Cluster Tuning & Resource Management is the operational science of ensuring your supercomputer is never idle.

A "well-tuned" cluster is not just one where jobs run fast (Performance); it is one where the hardware is utilized at 95%+ capacity 24/7 (Throughput). If you have 1,000 cores and 200 are empty because the scheduler is waiting for a "Big Job" to start, you are losing money.

Effective management combines Scheduler Logic (playing Tetris with jobs) with Kernel Tuning (optimizing how the OS manages RAM and CPU cycles).

Here is the detailed breakdown of the scheduling strategies, NUMA awareness, and resource isolation, followed by the downloadable Word file.

1. The Scheduler Strategy: Playing "Tetris"

The primary tool for throughput is the Scheduler (Slurm, PBS, LSF). By default, schedulers are "First In, First Out" (FIFO). This is terrible for throughput because one massive job can block everyone else.

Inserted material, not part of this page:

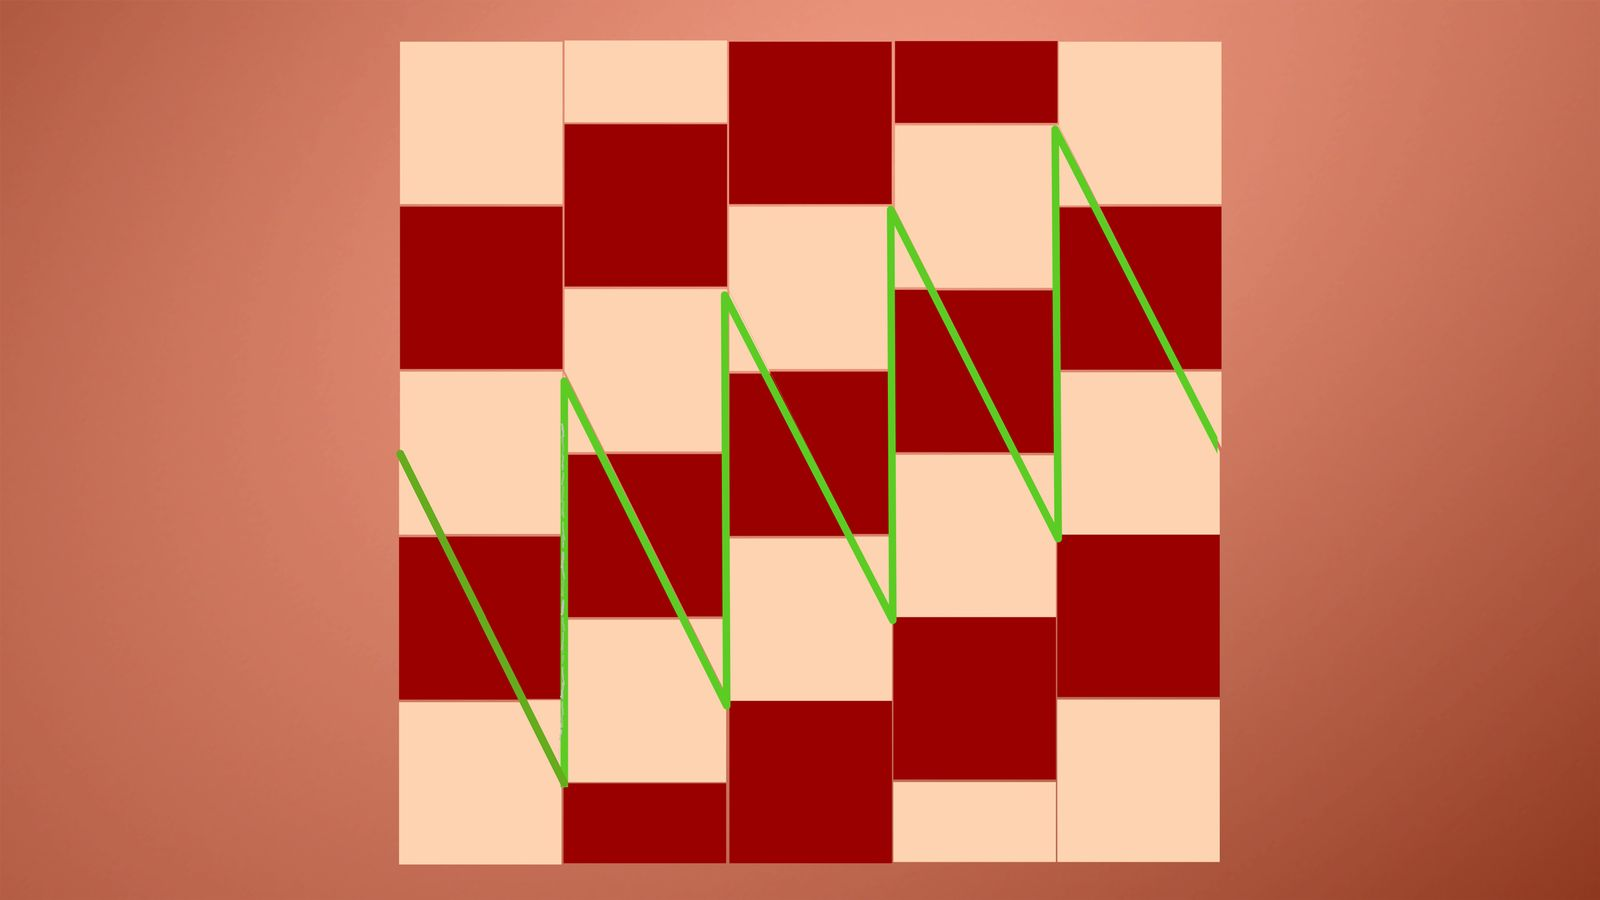 rdw-teppich-loesung-2-108.4.21

Backfill Scheduling (The Tetris Algorithm):

Scenario: A massive job needs 1,000 cores. Only 800 are free. The massive job waits. 200 cores sit idle.
Optimization: The scheduler looks at the queue. It sees a tiny job that needs 10 cores for 1 hour. It calculates: "Can I run this tiny job and finish it before the massive job gets its resources?"
Result: It slips the tiny job into the gap. The idle cores are used, throughput increases, and the massive job is not delayed.

Preemption:

Scenario: An urgent "Hurricane Forecast" job arrives.
Optimization: The cluster pauses or kills low-priority "Research" jobs to free up space instantly.

2. Kernel & Memory Tuning

Standard Linux is tuned for web servers and desktops, not supercomputers. You must retune the OS kernel.

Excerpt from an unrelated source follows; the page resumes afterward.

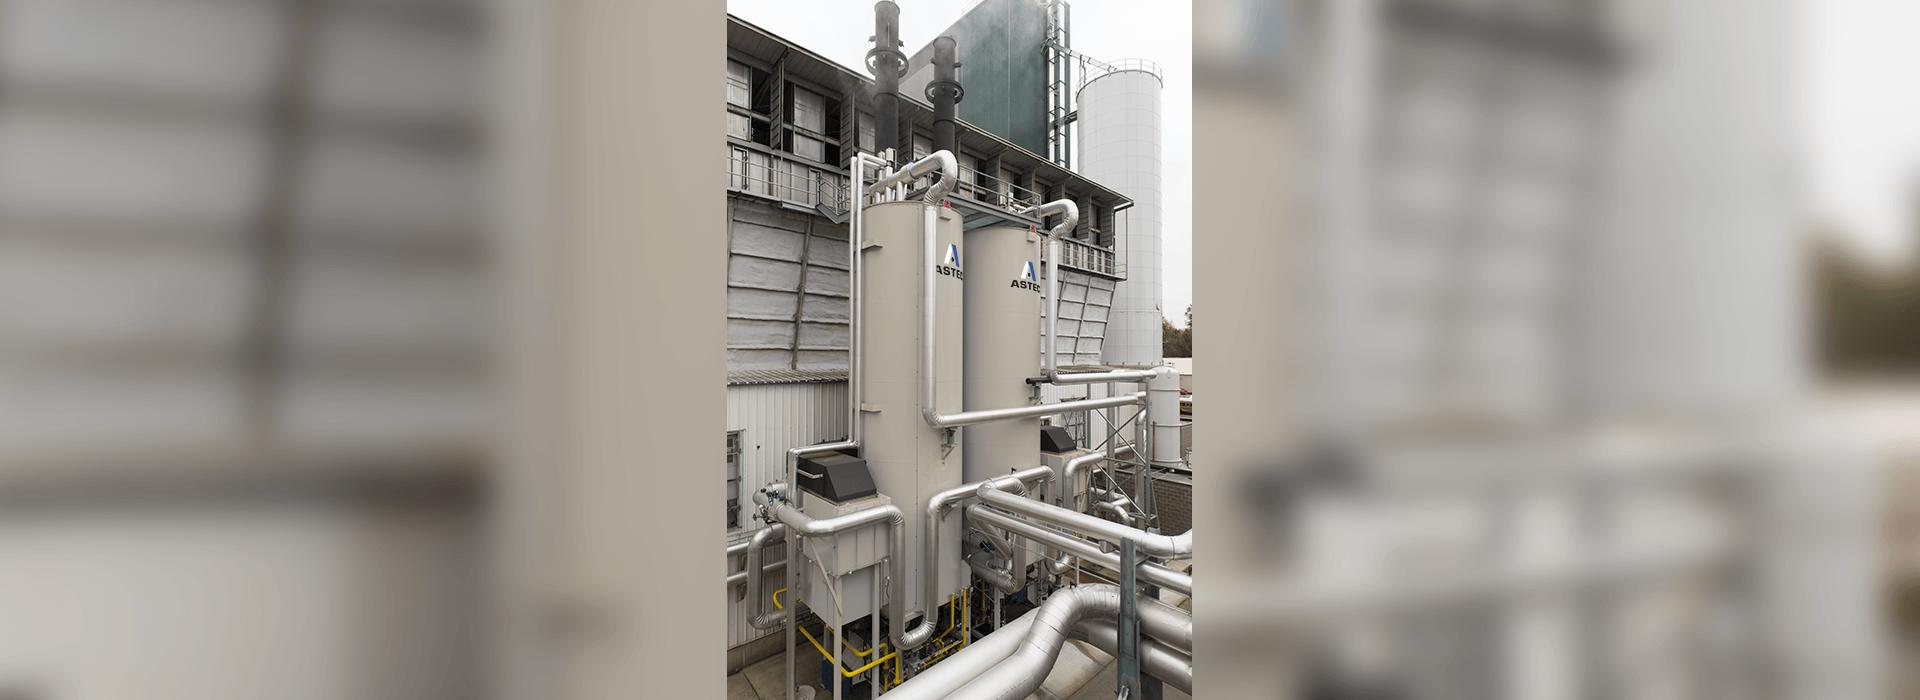 Heatec HCI Industrial Heaters

A. NUMA (Non-Uniform Memory Access) Awareness

The Physics: In a dual-socket server, CPU 1 has its own RAM, and CPU 2 has its own RAM.
The Problem: If CPU 1 tries to read data from CPU 2's RAM, it is 50% slower.
The Fix: Numactl. We force jobs to stay "Local." We tell the OS: "If this process starts on CPU 1, allocate all its memory on RAM 1. Do not cross the bridge."

B. Hugepages

The Problem: Standard RAM is divided into tiny 4KB pages. If a simulation uses 1TB of RAM, the CPU spends a huge amount of time just flipping through the "Page Table" index to find data.
The Fix: Enable Transparent Huge Pages (THP) or explicit 2MB/1GB Hugepages. This reduces the size of the index, making memory lookups faster.

C. Swappiness

The Rule: vm.swappiness = 1.
Why: In HPC, if a node runs out of RAM and starts writing to Disk (Swapping), performance drops by 1000x. It is better for the application to crash immediately (OOM Kill) so the scheduler can restart it on a larger node, rather than run painfully slow for days.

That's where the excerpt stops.